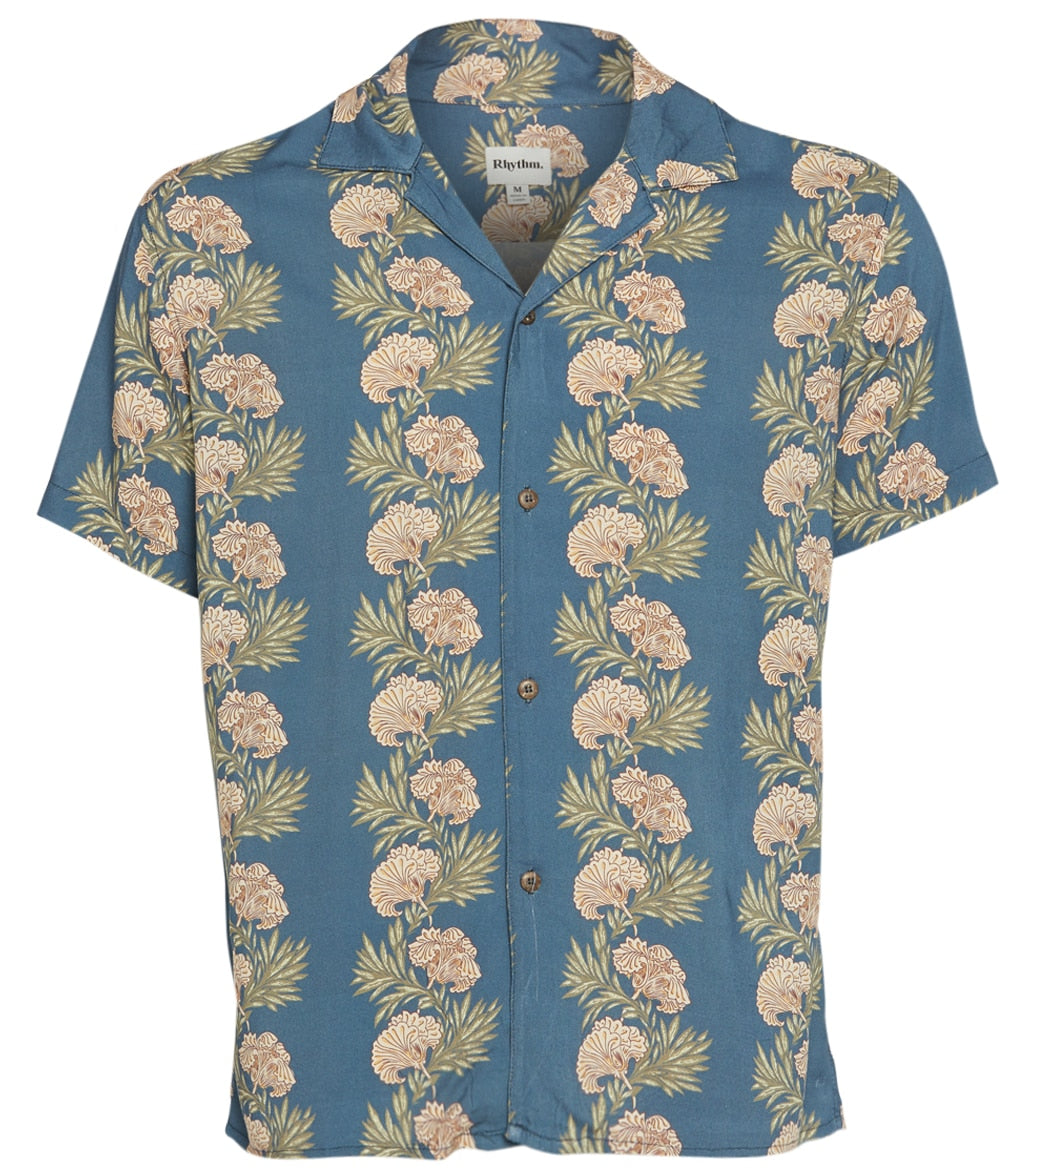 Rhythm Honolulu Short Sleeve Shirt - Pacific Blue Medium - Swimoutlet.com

---

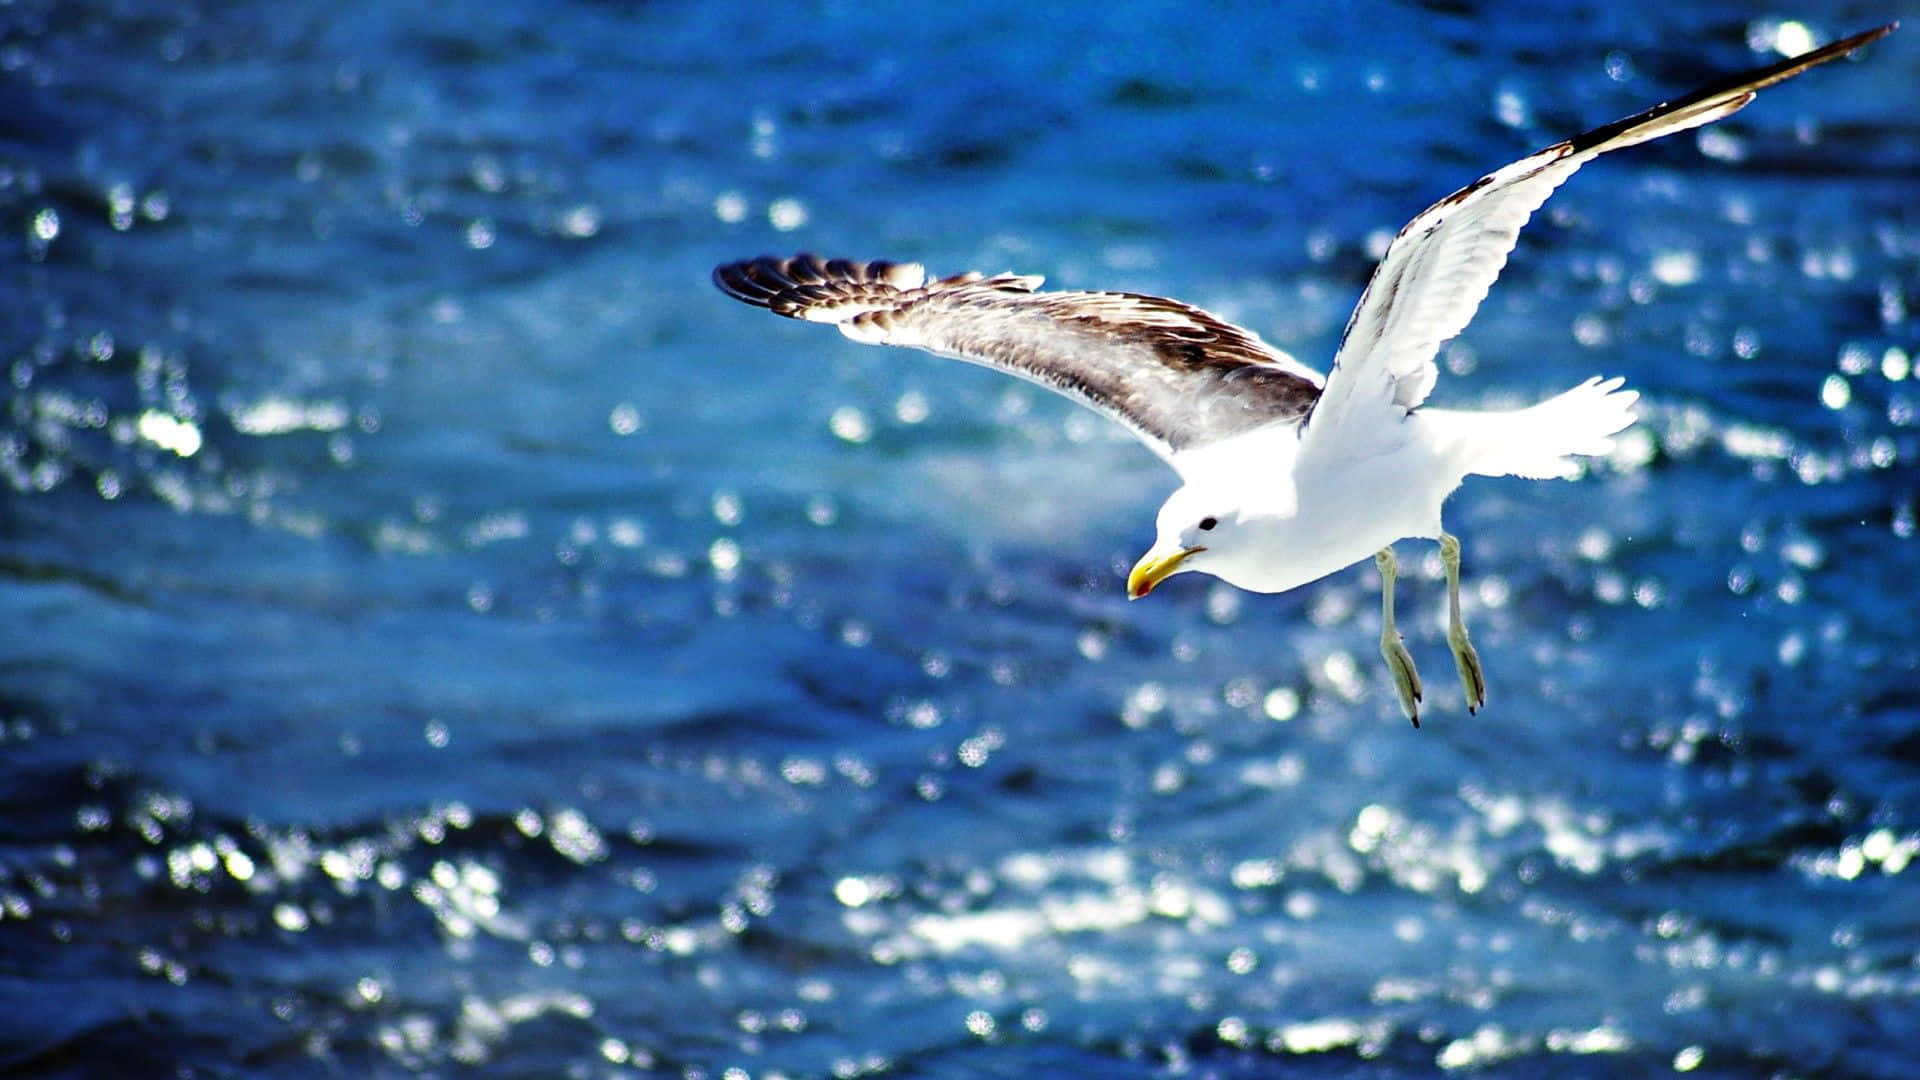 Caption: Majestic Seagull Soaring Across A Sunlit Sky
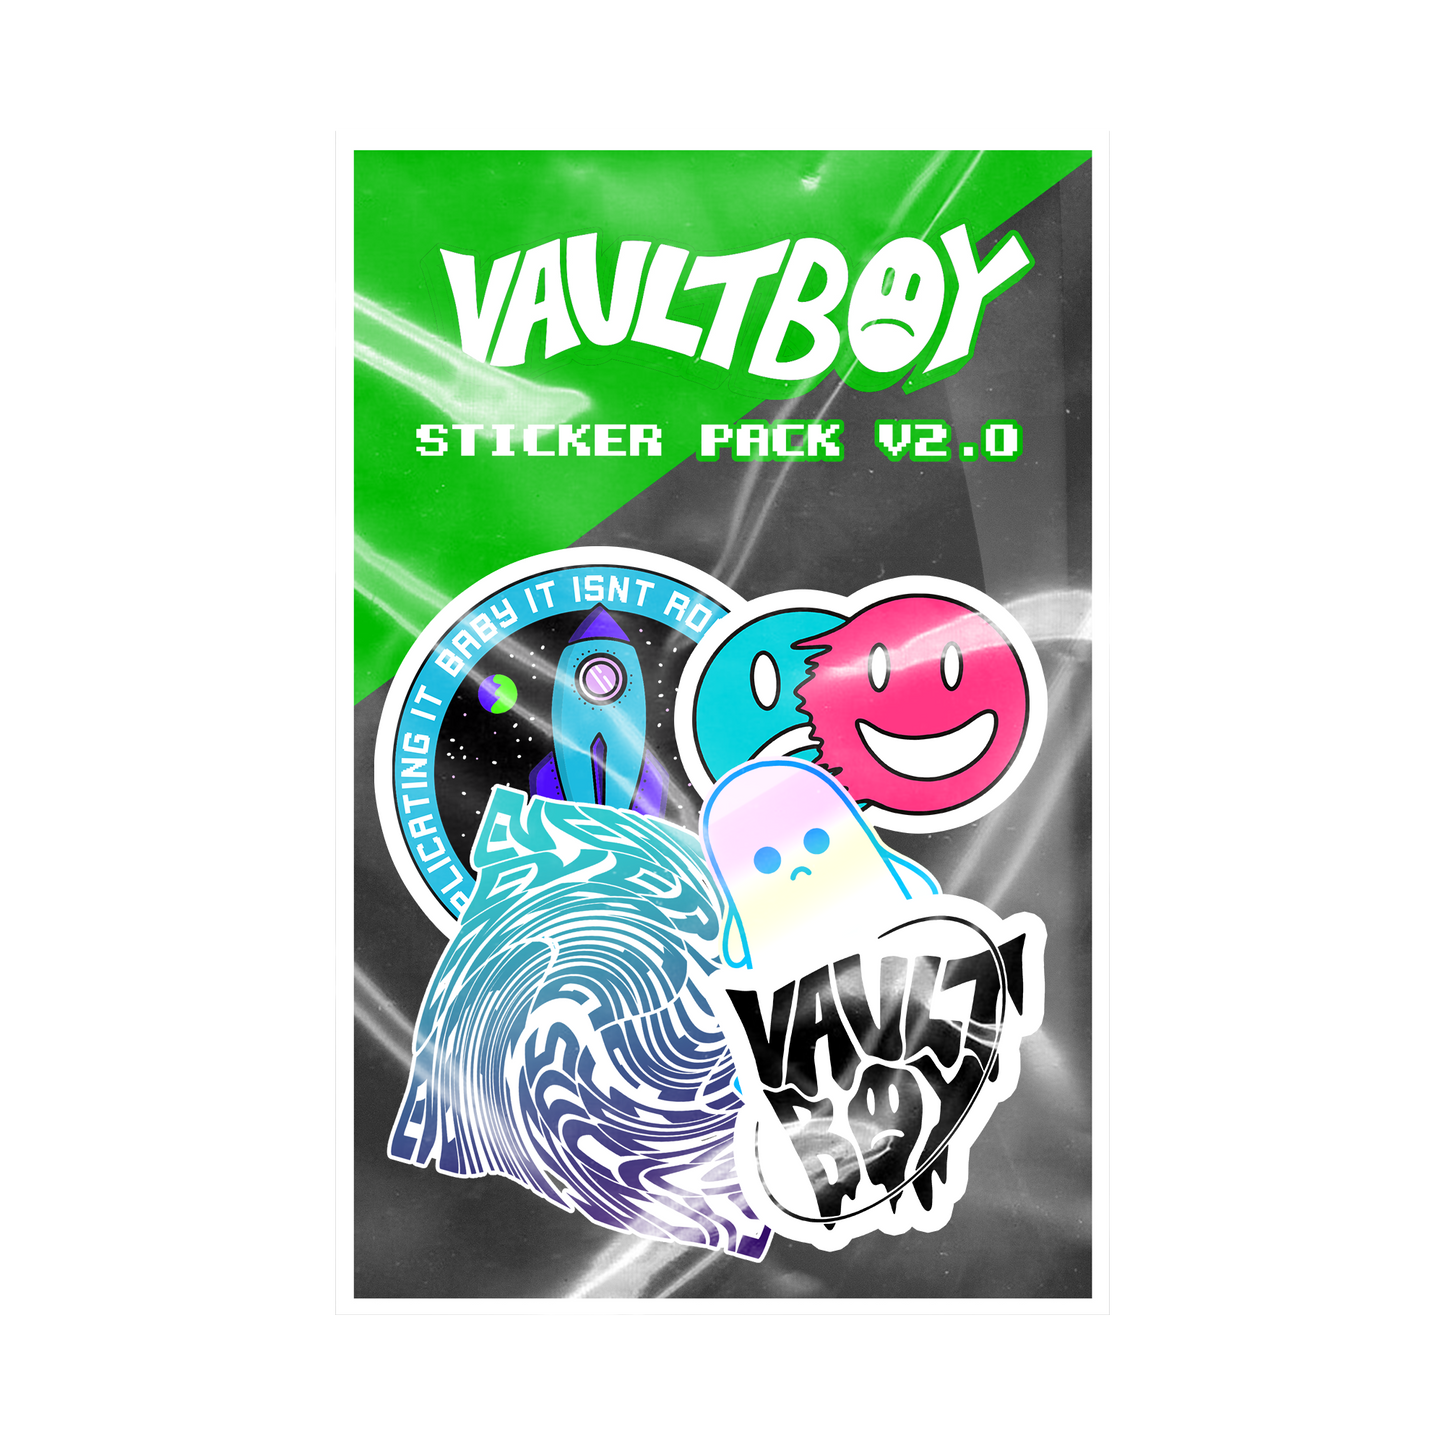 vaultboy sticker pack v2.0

---

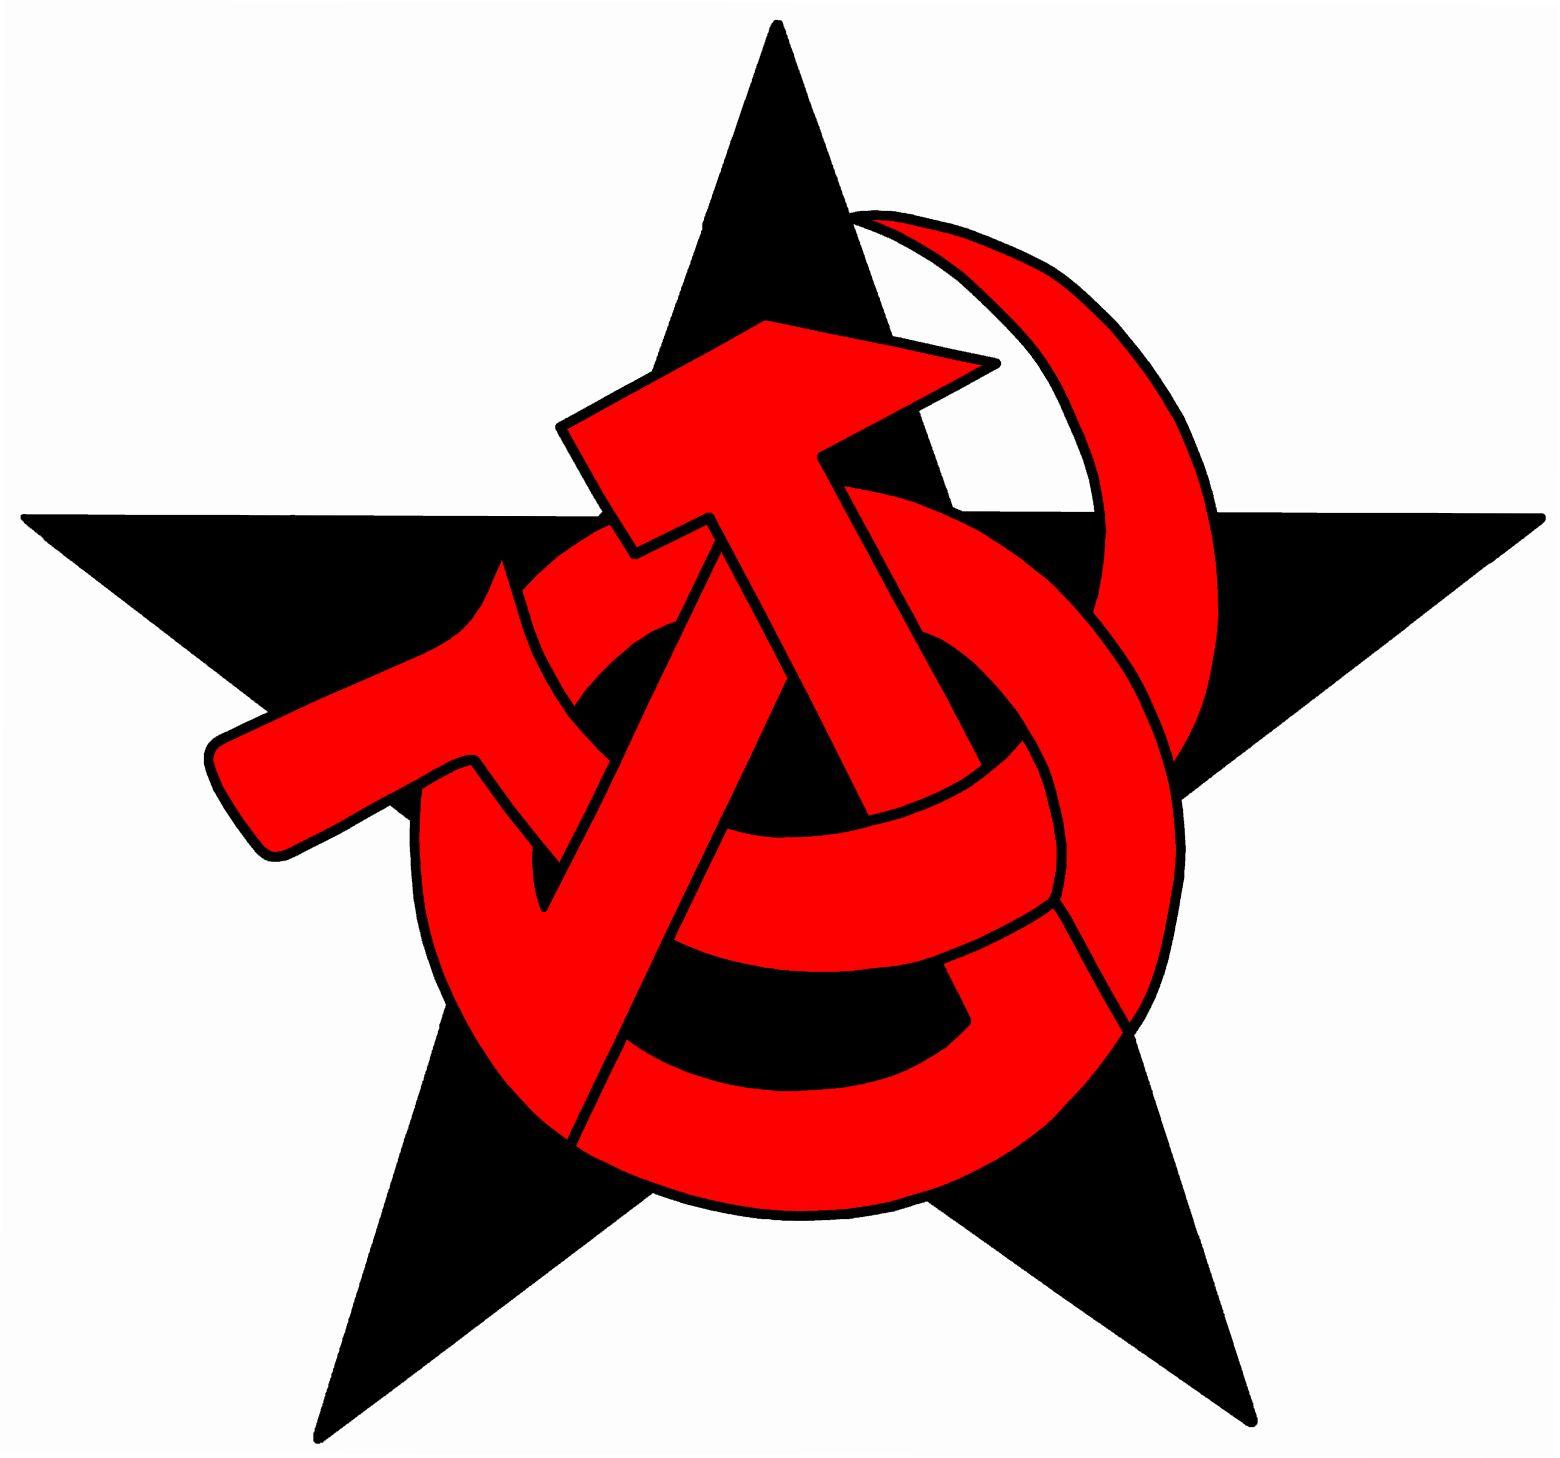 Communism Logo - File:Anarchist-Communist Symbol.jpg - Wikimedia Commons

> **What the task asks**:
The copy should hold exactly the lines above from the one with "Caption: Majestic Seagull" through the one with "vaultboy sticker pack v2.0", both ends counted, and no pictures at all.

> **Result of this exercise**:
 Caption: Majestic Seagull Soaring Across A Sunlit Sky
 vaultboy sticker pack v2.0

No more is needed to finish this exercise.